I can’t say I was totally surprised, because I had sensed the practice of employing pre-salespeople had evolved from its beginnings of being a service to assists the retailers, into a carte blanche invitation to use the customers’ stores for warehouses, in order to over report the distributors’ quarterly financial statements.
Needless to say, I quickly developed a strong dislike for all distributors, and considered going on a crusade to expose their dictatorial habits to the entire industry. But a strange thing happened along the way. I cultivated a strong empathy for distributors, and I’ll tell you why.
It is not the distributor’s fault
Looking back to the late 70s, when I began writing software for the industry, most of my customers owned gasoline stations, or had customers that owned gasoline stations and convenience stores. In fact, large convenience store companies were not that common in those days. There were a few large companies like 7-Eleven and Circle K, and some lesser sized regionals, but the spurt in the industry started when wholesale fuel distributors, seeing the success of companies like the Southland Corp., decided to seek out additional outlets for their gasoline and diesel sales.
When Shell Oil started selling oil to Walmart in the early 80s, wholesale fuel distributors fell upon hard times, and many were desperate to stop the bleeding in their financial statements. The wholesale oil and fuel industry began going through a process of consolidation. Most of my fuel oil customers from the 80s have either died or gone for other reasons. The ones that are left are considered convenience store owners today.
Clueless about retail
Knowing little to nothing about the retail industry, those fuel and oil wholesalers approached grocery distributors for help.
“Hey, we don’t know anything about the grocery business,” they admitted. “Can you help us?”
Reluctantly, the distributors agreed to provide a means of assisting these new retailers in stocking their stores, and to keep them stocked.
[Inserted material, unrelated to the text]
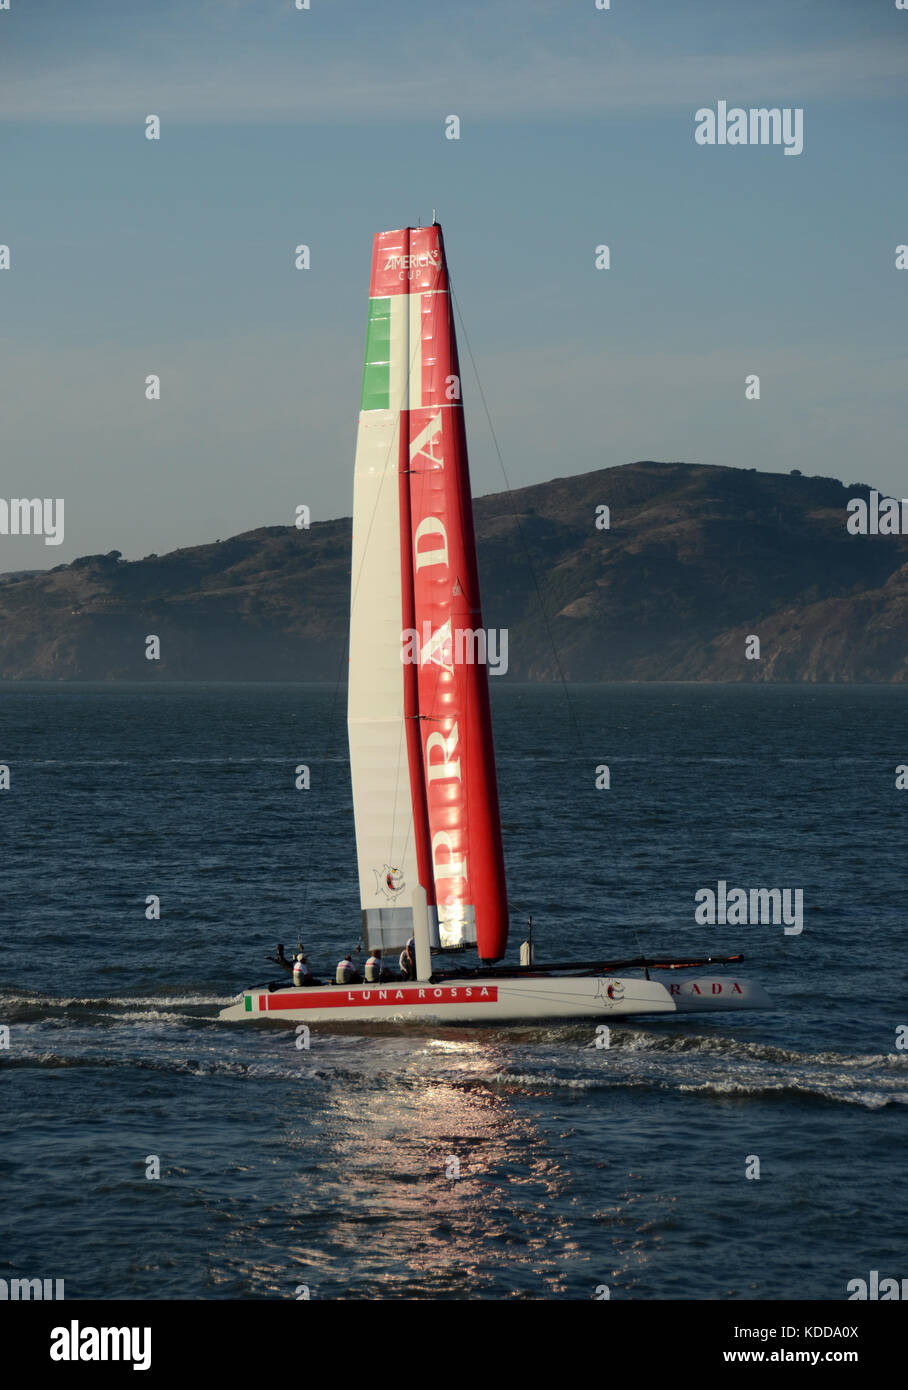 San Francisco, USA - October 2, 2012: America's Cup Luna Rossa catamaran sails in the San Francisco Bay prior to racing day. Luna Rossa is sponsored b Stock Photo

Having no way of knowing what their retailers were actually selling, most of them just resent the same items that were sent on the last delivery, and that’s why you will find 2-3 YEARS worth of some items decaying in convenience stores this very minute. Most convenience stores have twice the inventory needed to meet customer service levels, but the bulk of the industry is clueless as to how to solve the problem.
What my experiences have taught me
There is one lesson I have learned during my 37 years as a provider of software and services to the convenience store industry. If you do something for someone more than once, they will continue to expect you to do the same thing until they have delegated their jobs away completely. Then the business is faced with having no one in the company who understands the process.
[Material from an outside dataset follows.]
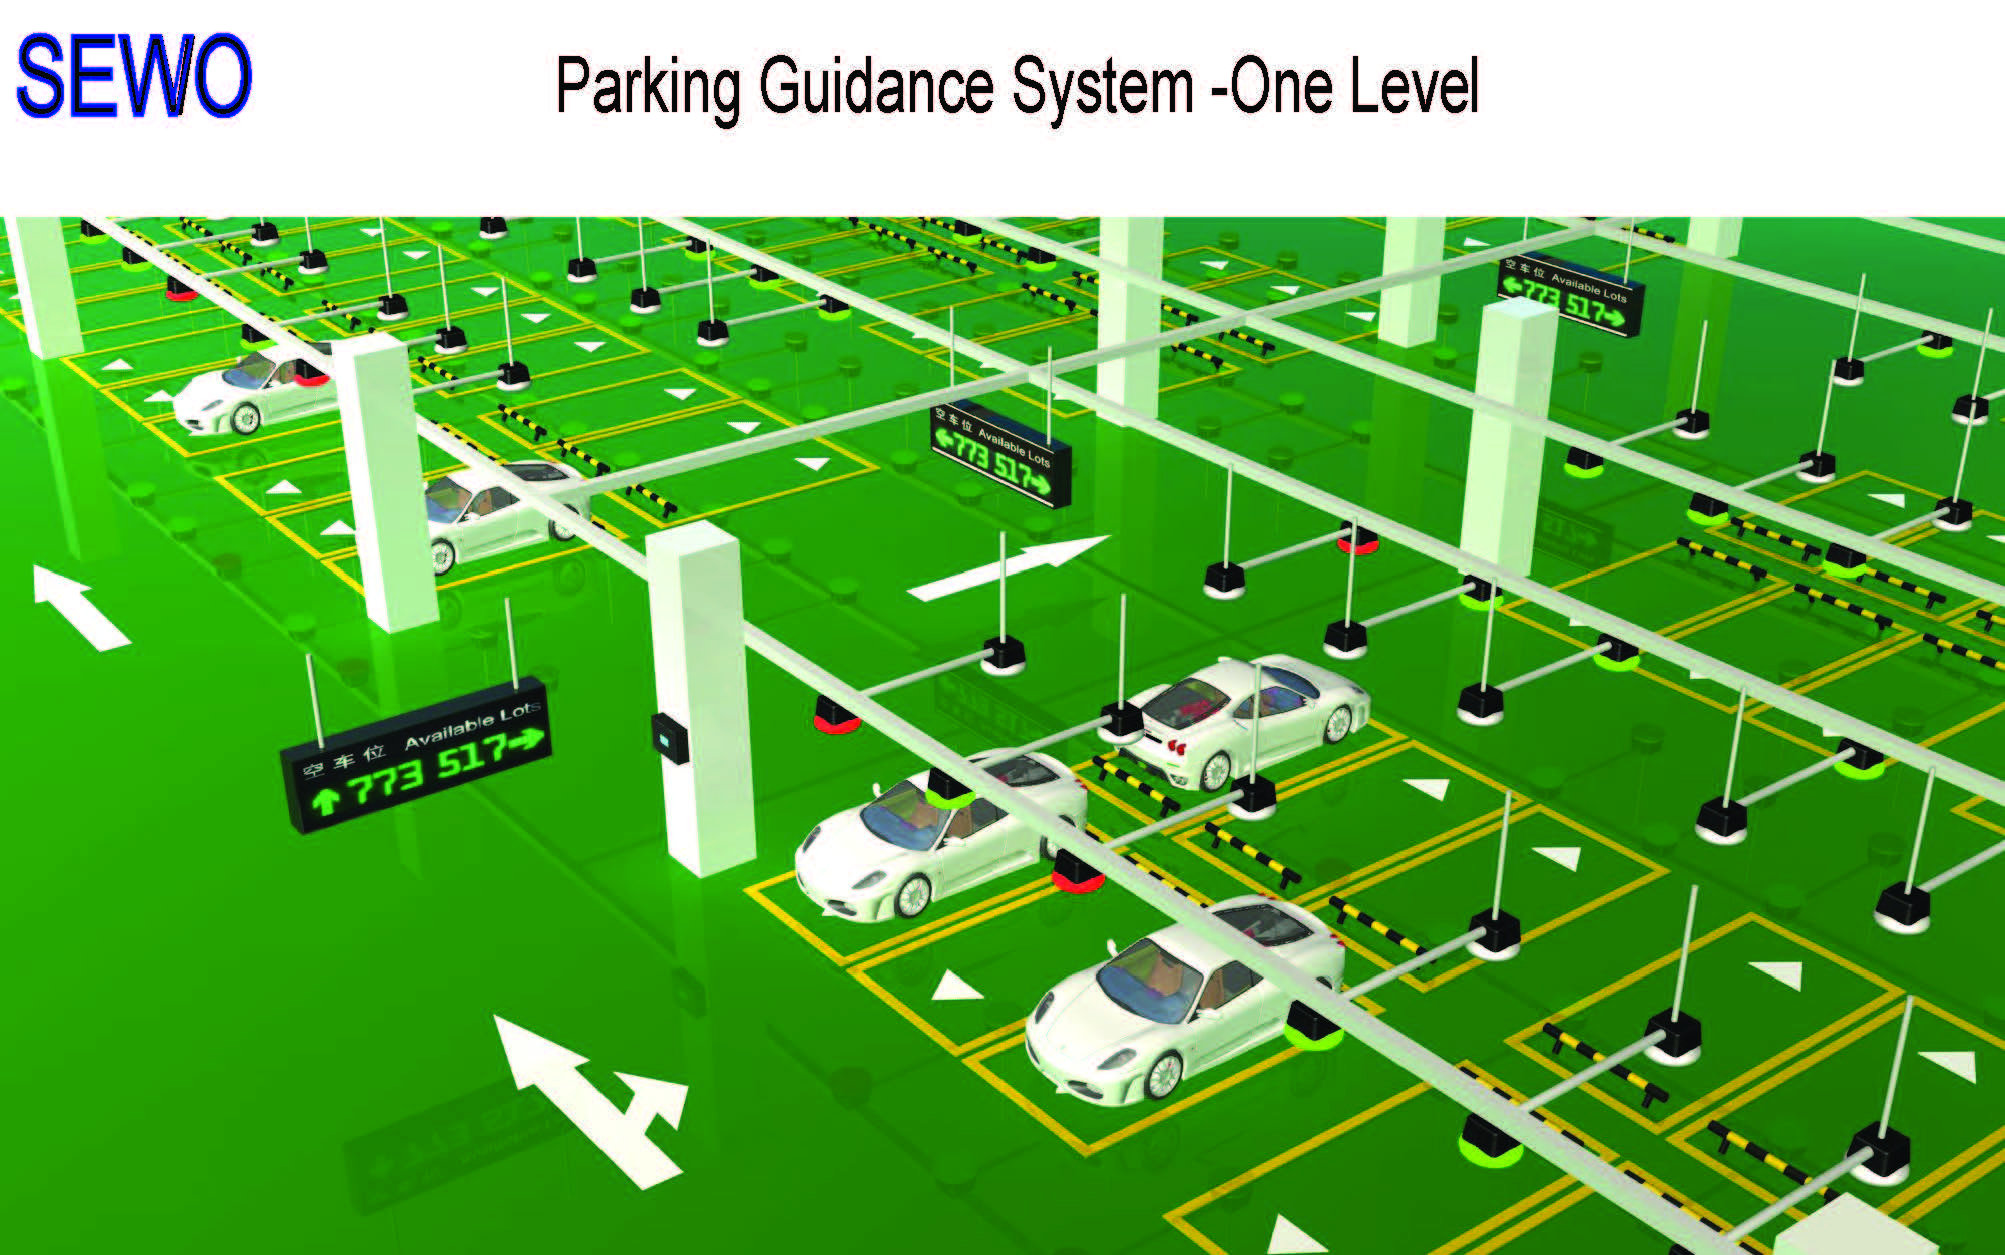 1-Parking Guidance System

Through the process of evolution, these grocery suppliers were expected to provide more and more services than they agreed to at the onset, and the relationship between grocery distributors has all but collapsed into a finger-pointing situation.
Few convenience store companies have taken the initiative to manage their own inventory properly, and their distributors are incapable of providing the services really required to keep their retailers happy. Sixty-five percent of supplier invoices are in error, and each error cost as much as $400 to reconcile. One little disagreement can cause a retailer to swap grocery distributors, and result in the loss of millions of dollars a year in revenues for the distributor. Of course, the retailer rarely gains anything by changing, because the new supplier is going to overstate his capabilities to get the business, and the vicious cycle goes on forever.
Back to my story
Consequently in 2004, as the distributor was in the process of showing me the door, he pictured the loss of control he had somehow managed to acquire over the past three decades from being expected to do things he was incapable of doing well, and when I suggested he would no longer be required to perform that part of his services for his customer, he suffered a complete emotional meltdown, and decided to make his stand. The distributor felt abused, and the retailer began to see the faults in the distributor’s service, but both the distributor and the retailer were wrong in their assessment of things.
I learned a lot from that experience, but the most important thing I have learned is the resistance to change comes from the fear of losing control, and the resulting reaction can be both destructive and totally unpredictable.